Stored dataset items:
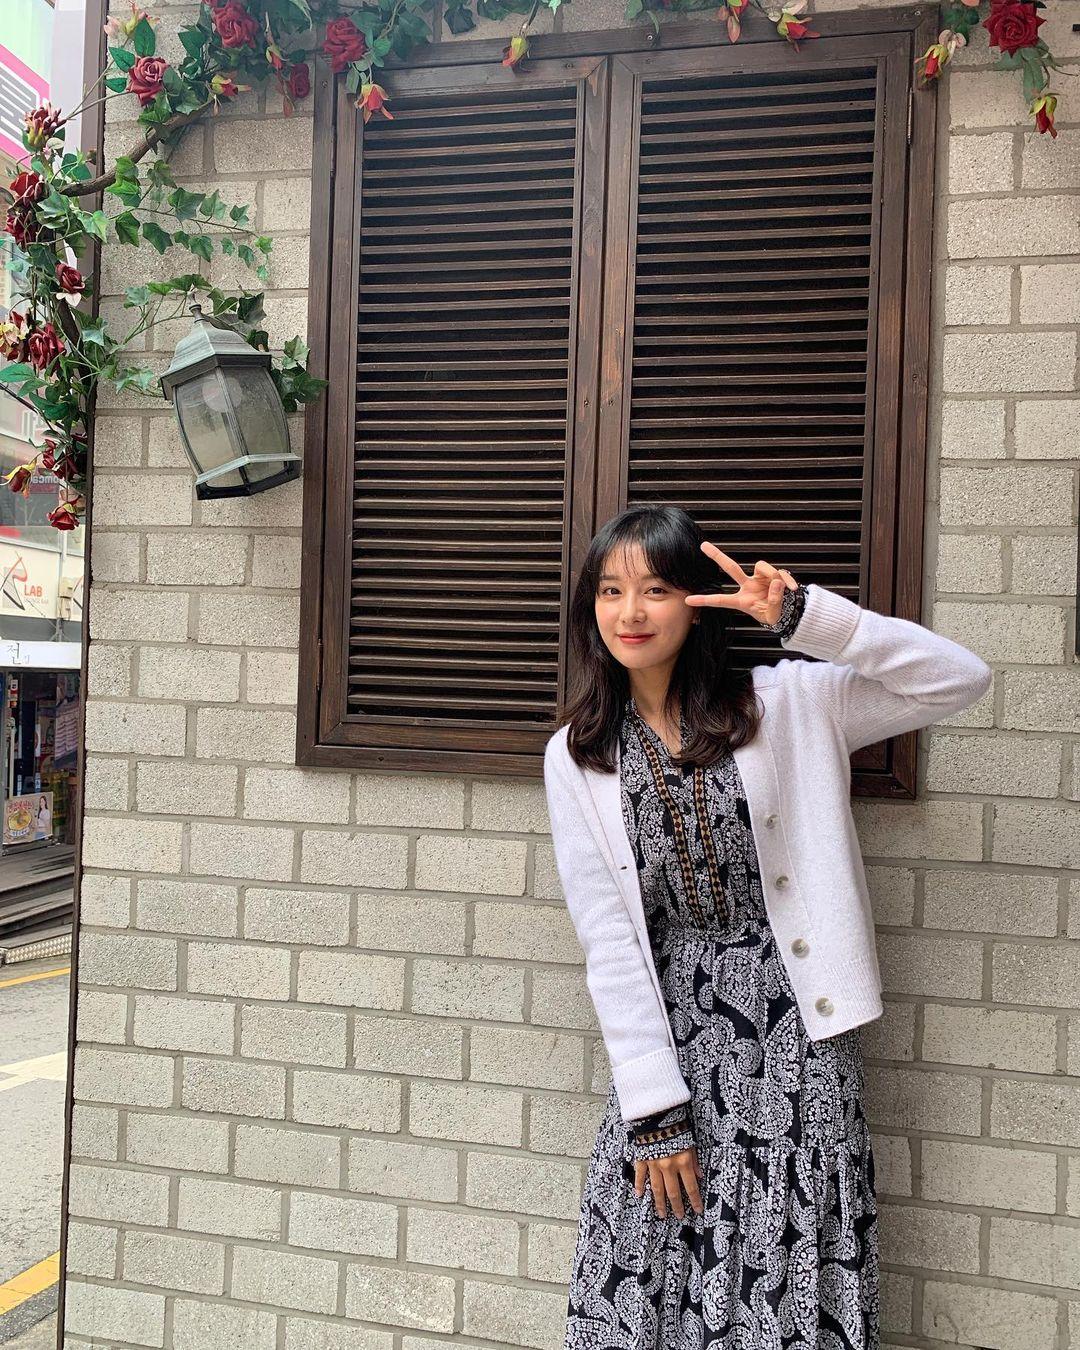 Mix & Phối - Style của Kim Ji Won trong phim mới: Đơn giản mà siêu xinh tươi lãng mạn, nhìn là muốn học theo bằng hết - chanvaydep.net 7
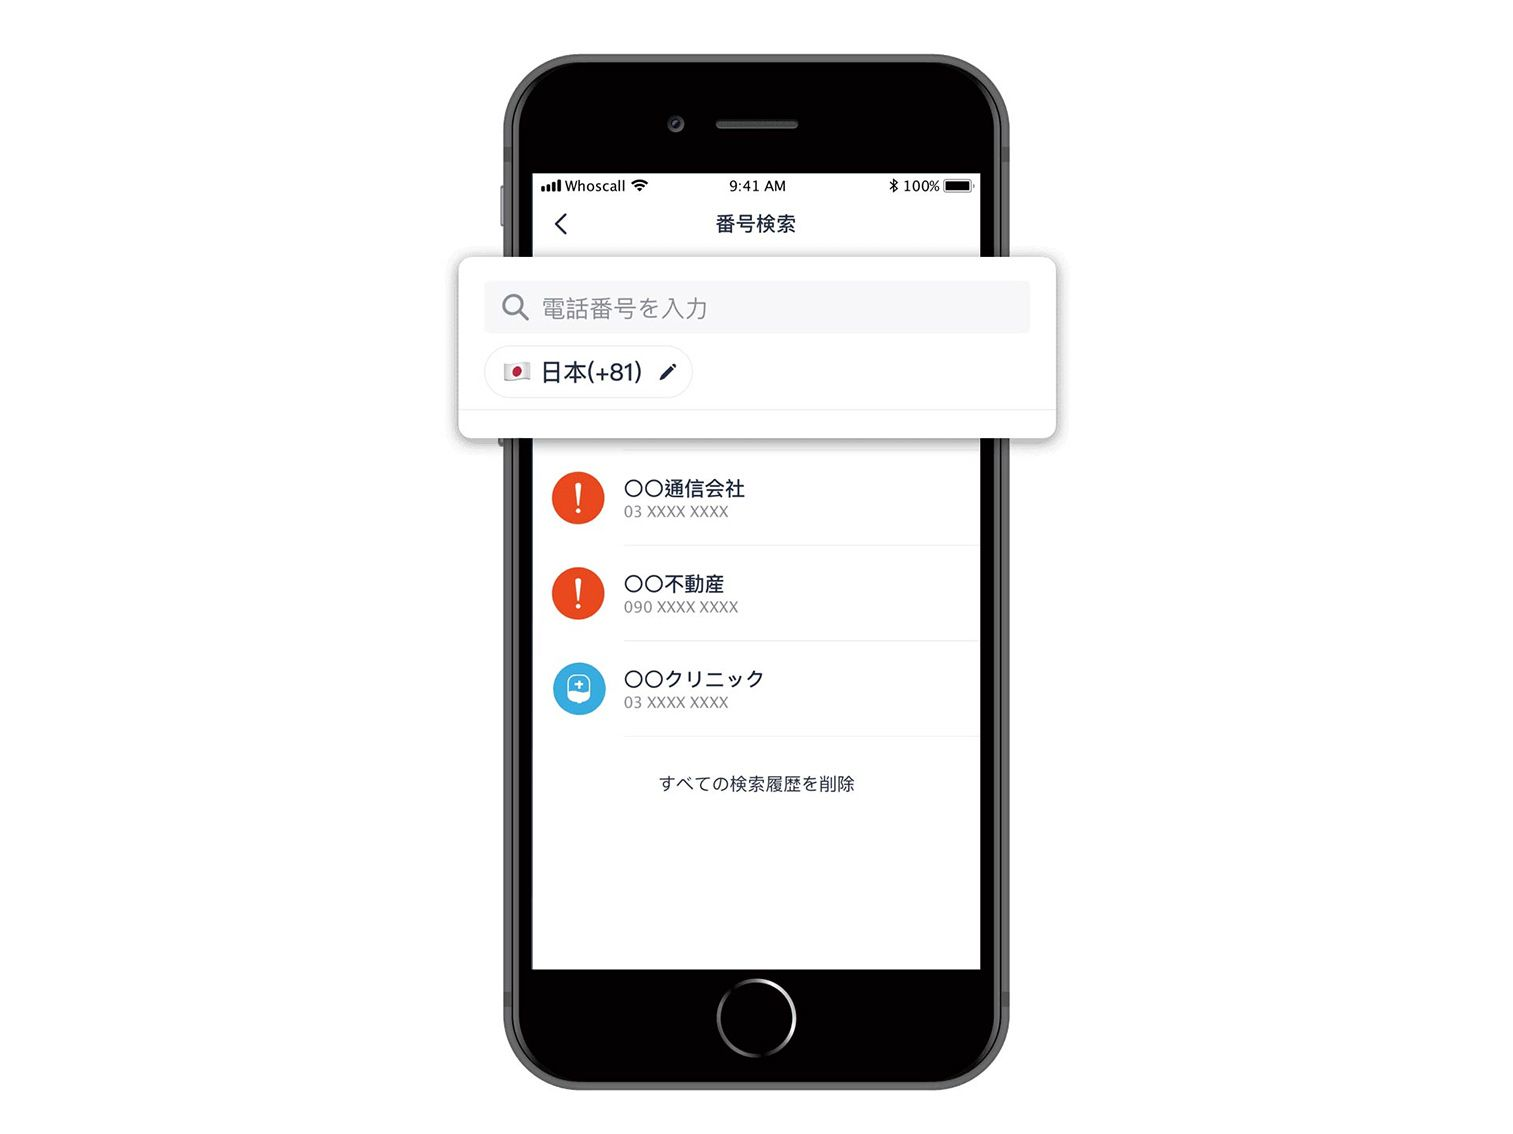 Whoscallの番号検索機能を使って電話番号を効率よく検索できる
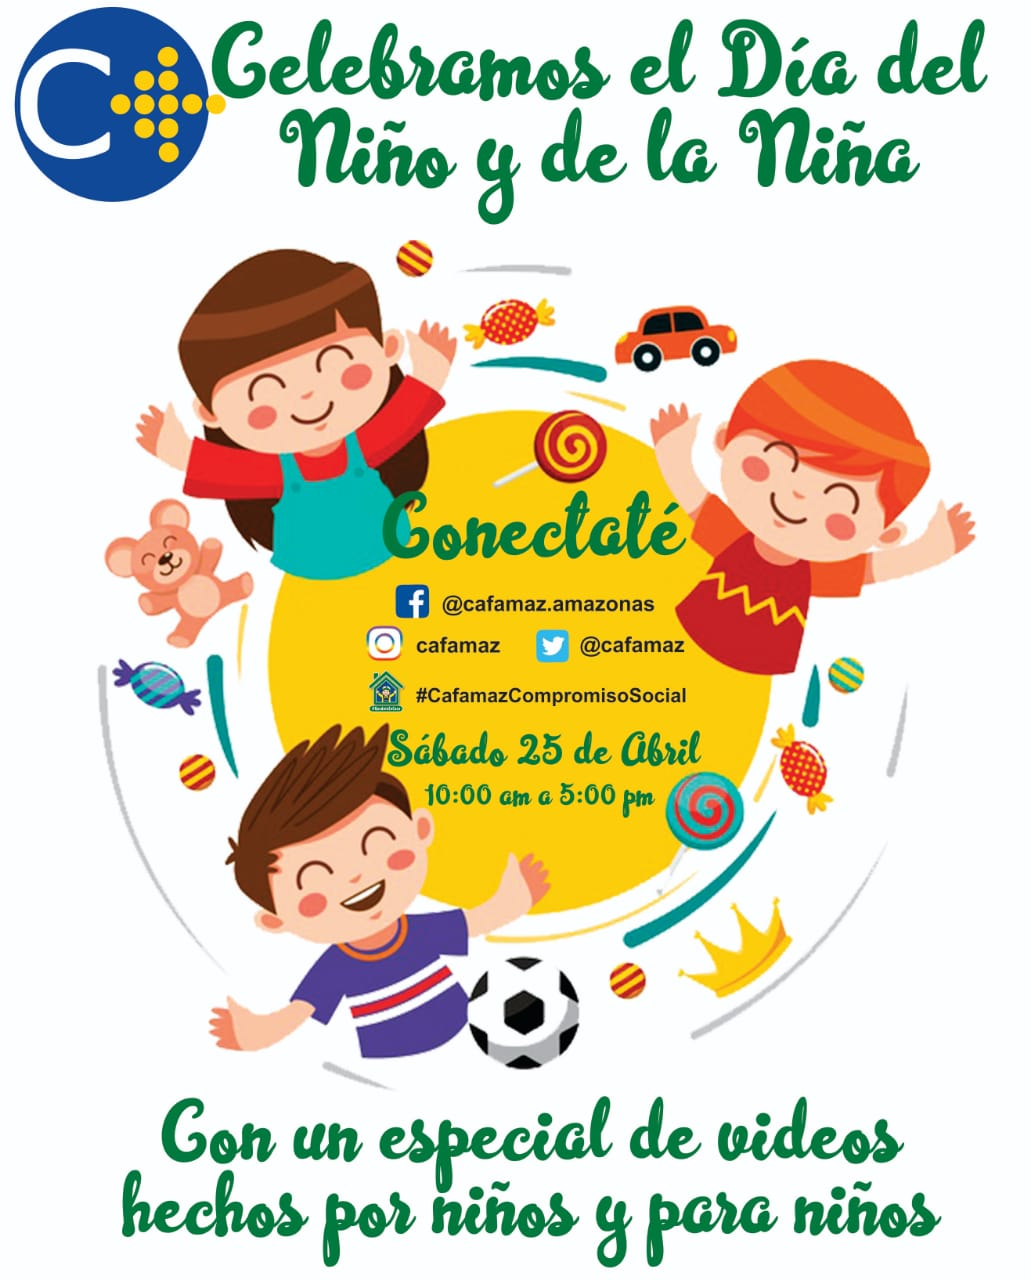 ¡Prográmate! Celebra el Día del Niño y de la Niña en nuestras Redes Sociales   Cafamaz, 2020
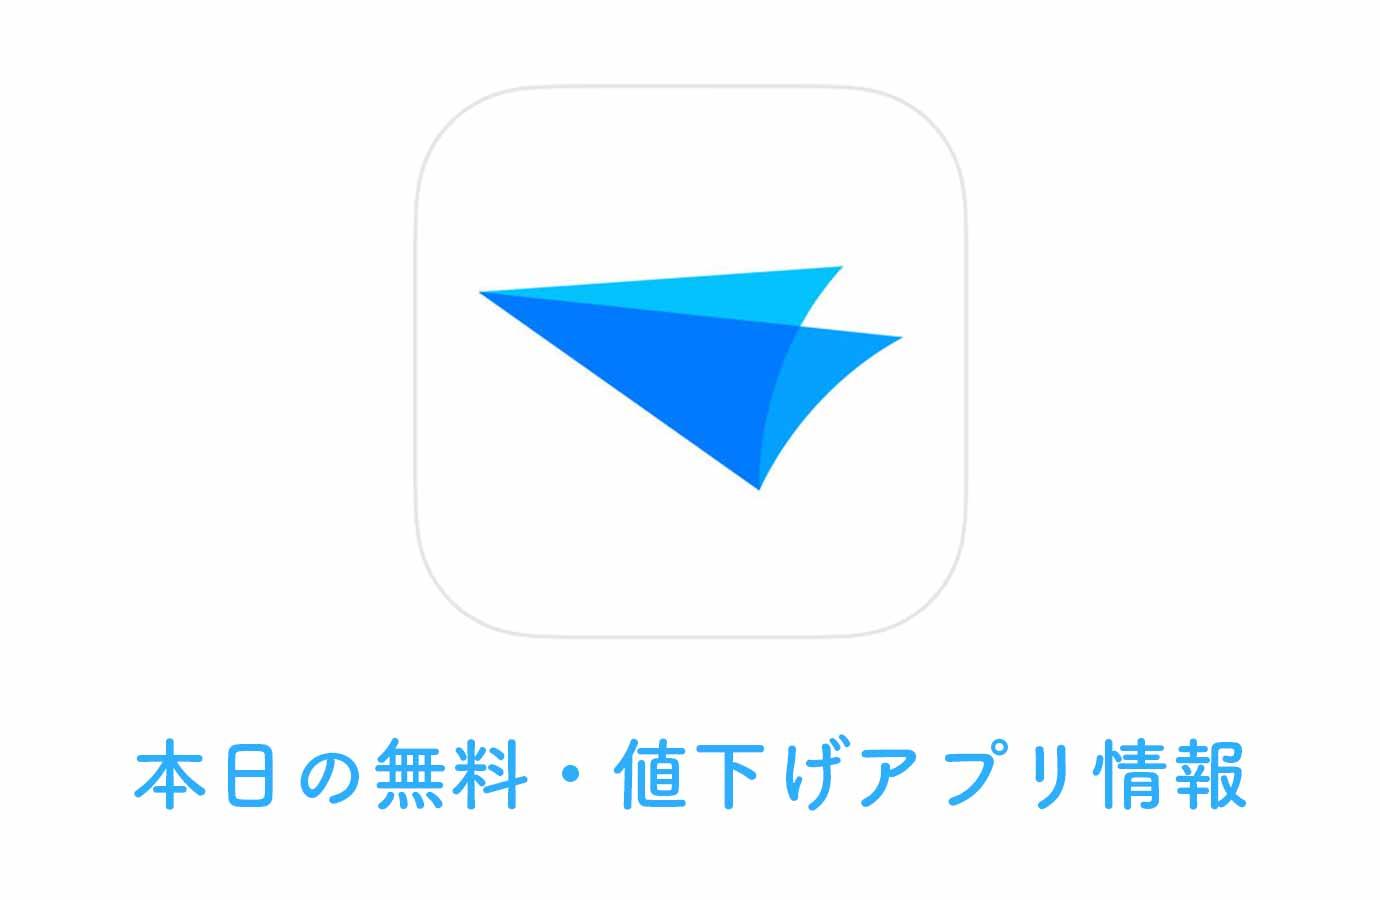 【600円→無料】SNS風の見た目が特徴のメールアプリ「Flow」など【3/7】本日の無料・値下げアプリ情報
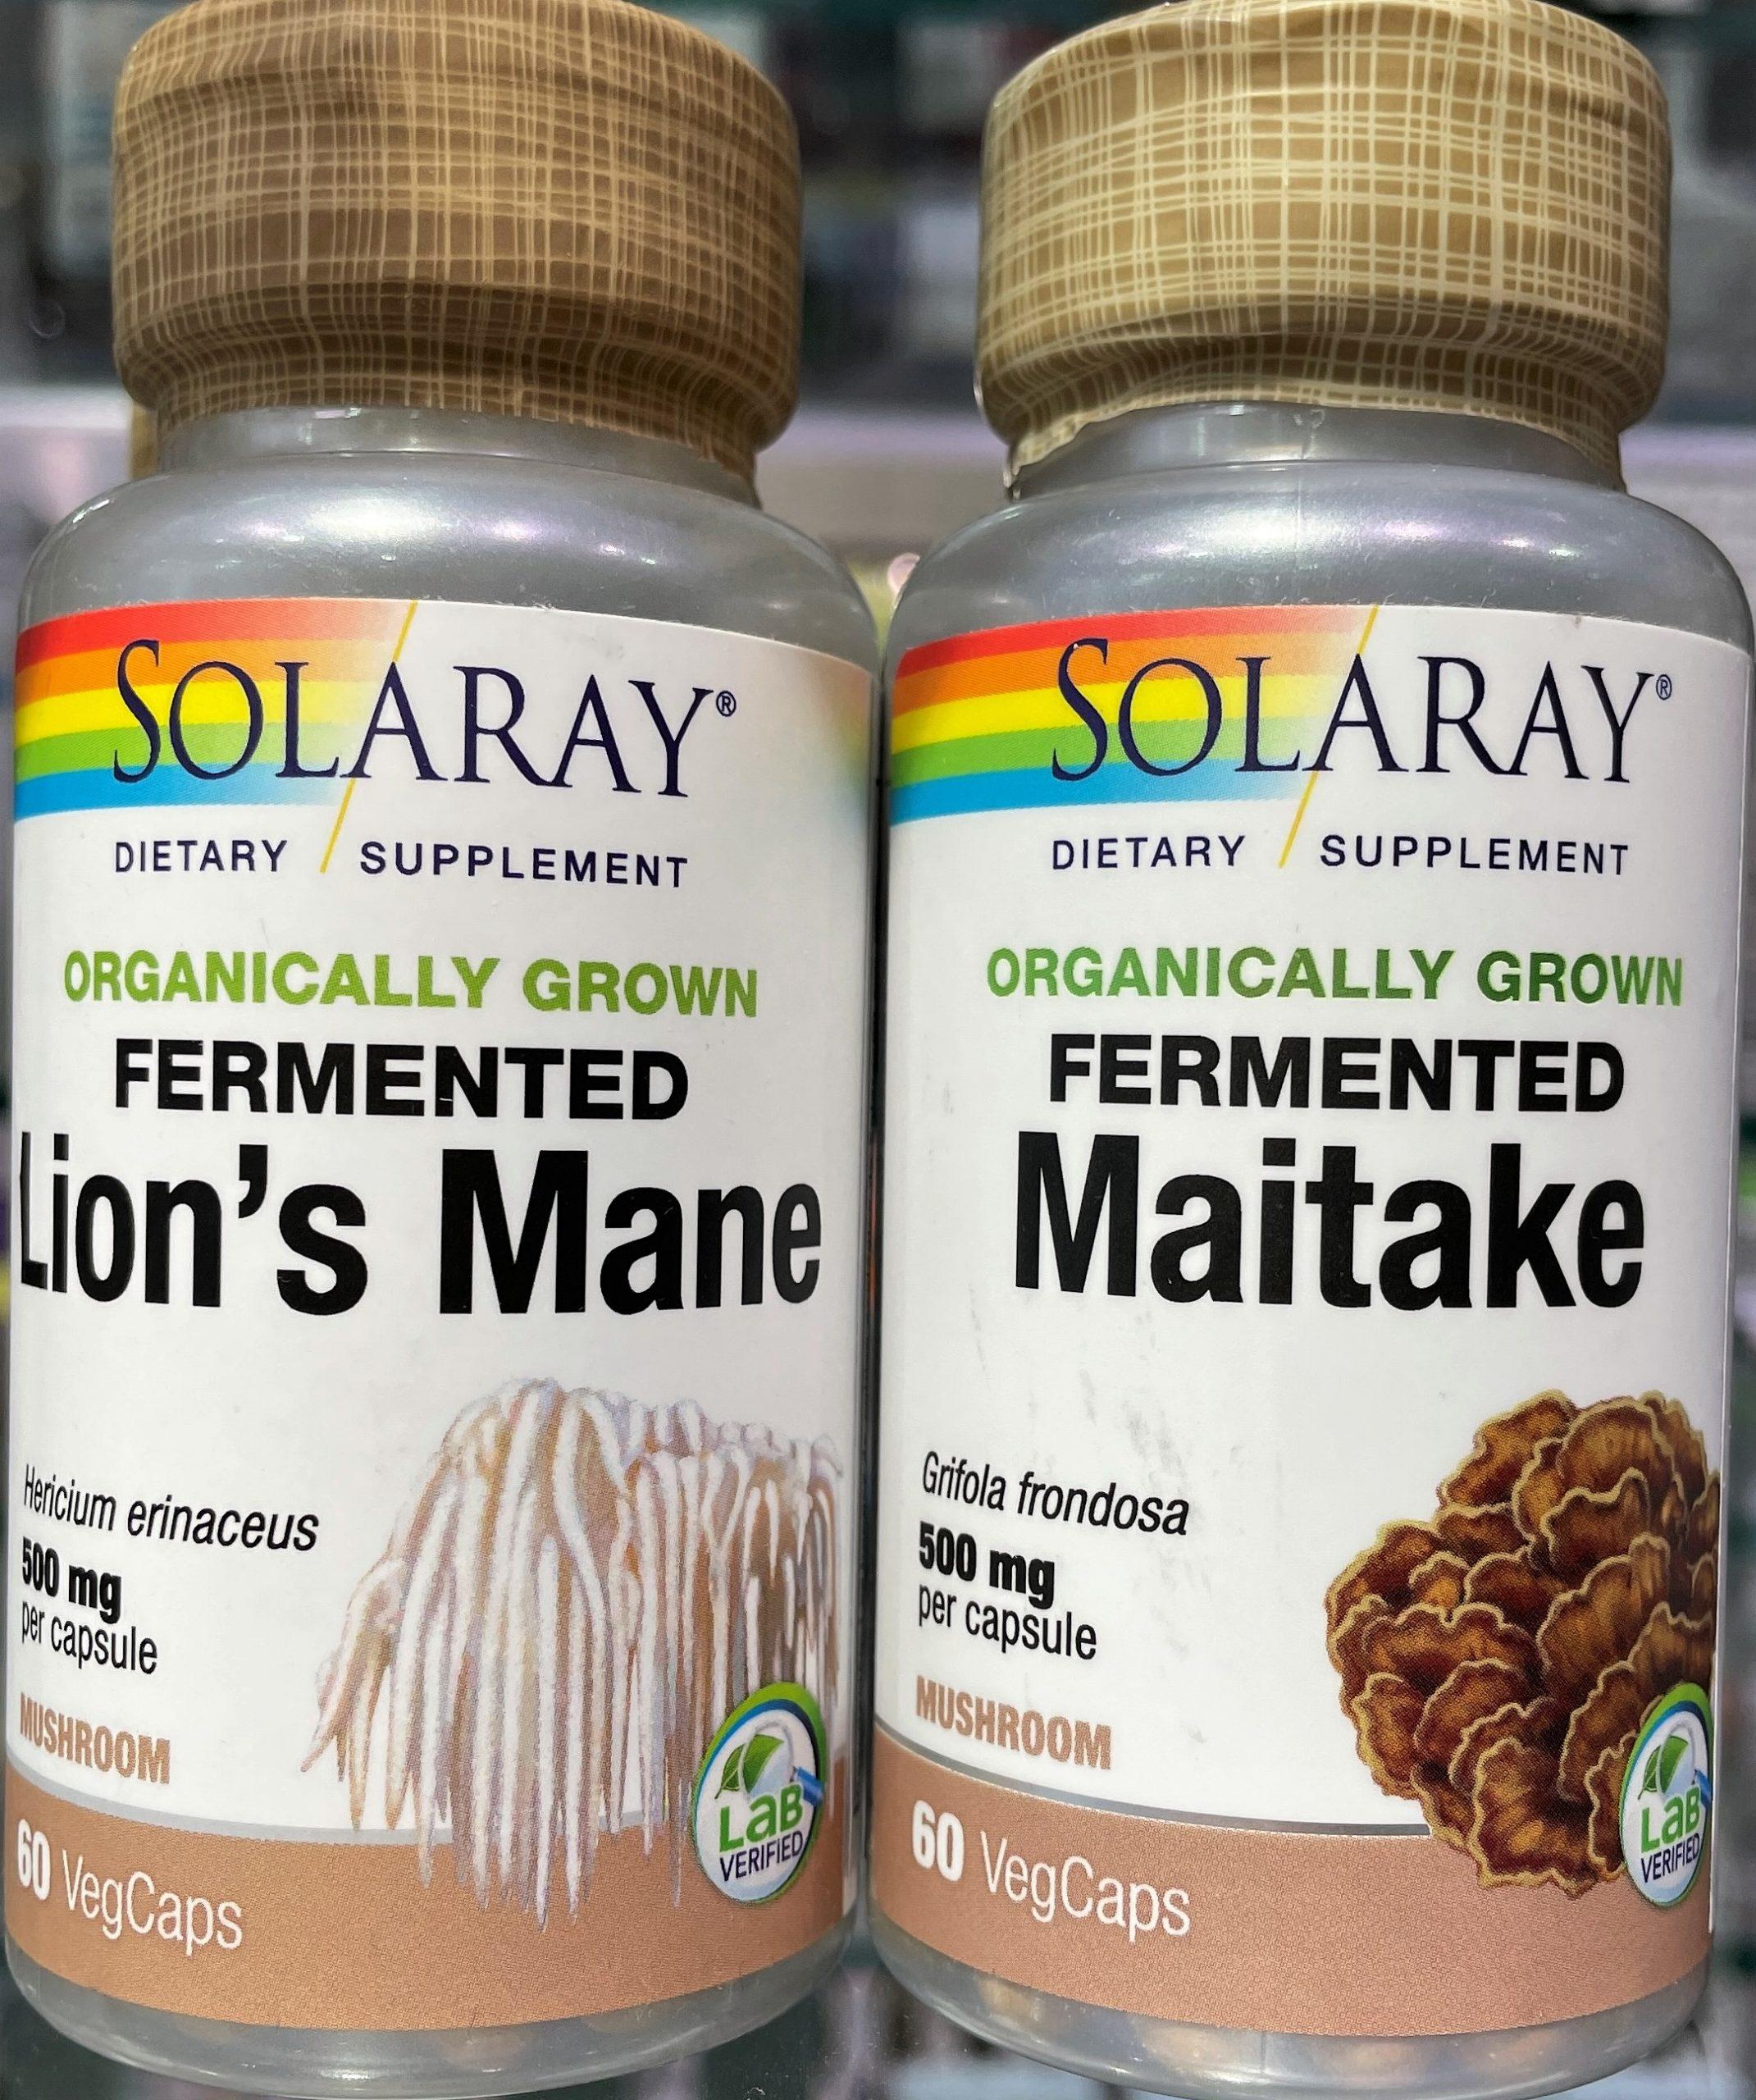 Fermented Maitake de Solaray reconocidos en muchos estudios por sus beneficios sobre el sistema inmunitario

■ **Exercise aim**: Each line above should be returned exactly as it stands, minus any pictures.

■ **Your response**:
 Mix & Phối - Style của Kim Ji Won trong phim mới: Đơn giản mà siêu xinh tươi lãng mạn, nhìn là muốn học theo bằng hết - chanvaydep.net 7
 Whoscallの番号検索機能を使って電話番号を効率よく検索できる
 ¡Prográmate! Celebra el Día del Niño y de la Niña en nuestras Redes Sociales   Cafamaz, 2020
 【600円→無料】SNS風の見た目が特徴のメールアプリ「Flow」など【3/7】本日の無料・値下げアプリ情報
 Fermented Maitake de Solaray reconocidos en muchos estudios por sus beneficios sobre el sistema inmunitario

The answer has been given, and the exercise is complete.